Kebetulan sekali, Natsumi Kyoko dan Maxy Junior bertemu dengan Sean Jauhari yang juga mencari-cari ada di mana Kimberly Phandana. Frebelyn Meyrita Jaya mendadak mengatakan dia ada diskusi kelompok dengan beberapa teman sekelasnya sehingga pertemuan pada jam istirahat pertama itu tidak bisa diikutinya.

Sewaktu berbelok ke koridor yang mengarah ke taman bunga, alangkah terhenyaknya mereka bertiga menyaksikan penindasan yang dilakukan oleh Wilona Jeanette dan kedua anak buahnya itu terhadap Kimberly Phandana.

"Kimberly…! Kimberly…!" Terdengar teriakan Natsumi Kyoko dari belakang Wilona Jeanette dan kedua pengawalnya.

Wilona Jeanette berpaling dan ia sedikit terkesiap mendapati Sean Jauhari sedang berlari menerjang ke tempat mereka berdiri. Dengan sedikit senyuman kaku, ia berusaha menyapa sang pangeran tampan yang begitu dikagumi dan diidolakannya itu.

"Sean… Sean… Apa yang sedang kaulakukan di sini?" tanya Wilona Jeanette Liangdy sedikit tergagap-gagap.

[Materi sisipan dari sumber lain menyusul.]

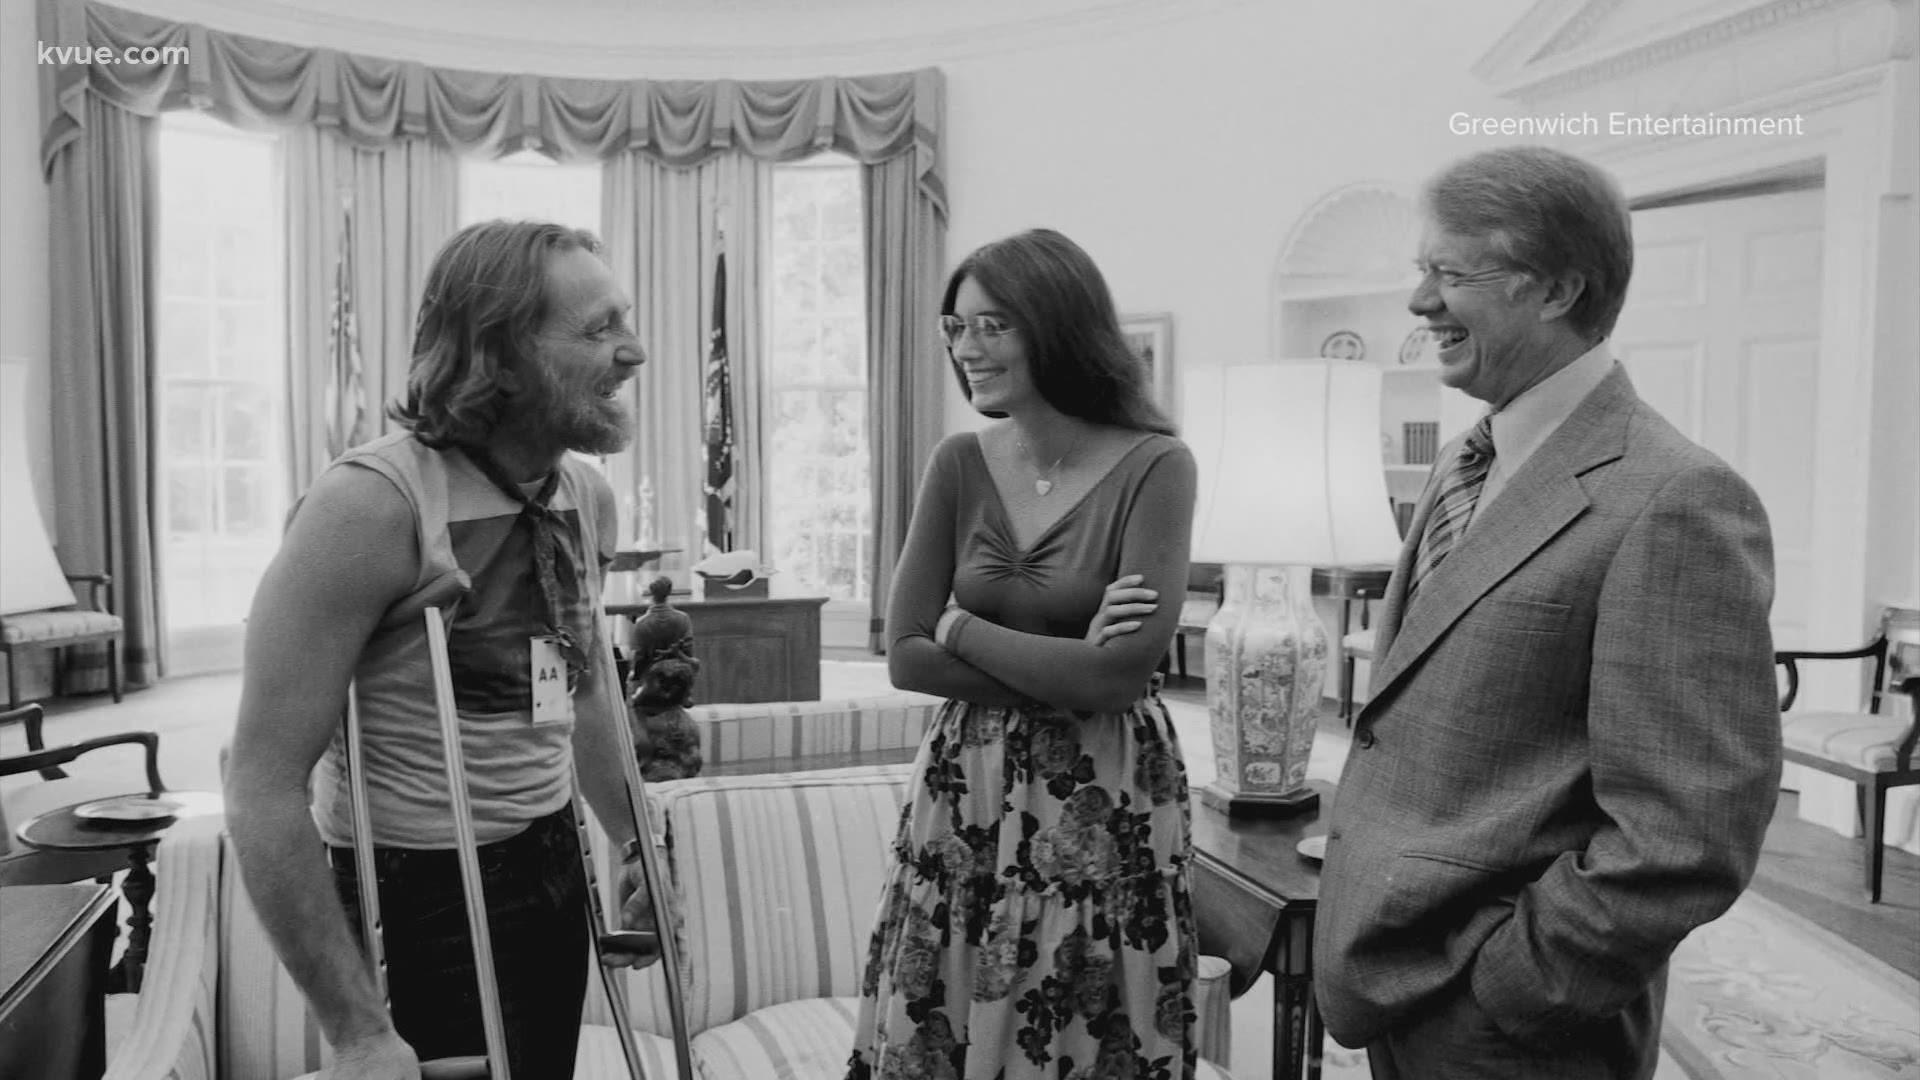 President Carter said he remembers Willie Nelson smoking marijuana with one of his sons at the White House.

Satu tamparan telak didaratkan oleh Sean Jauhari ke wajah Wilona Jeanette dan kedua pengawalnya. Terdengar pekikan tertahan dari ketiga anak perempuan itu.

"Sean… Sean… Aku takkan membiarkan siapa pun merebutmu dariku! Dia juga tak boleh merebutmu dariku karena dia sama sekali tidak pantas mendapatkanmu!" teriak Wilona Jeanette dengan sorot mata nanar sembari memegangi wajahnya bekas tamparan dari sang pangeran tampan tadi.

"Aku bukan barang yang bisa direbut sana-sini! Aku punya hakku sendiri untuk lebih menyukai dan menyayangi siapa! Ke depannya aku tidak ingin melihatmu mendekat-dekati aku ataupun Kimberly lagi! Kau dengar itu!" Terdengar suara Sean Jauhari yang berdentum.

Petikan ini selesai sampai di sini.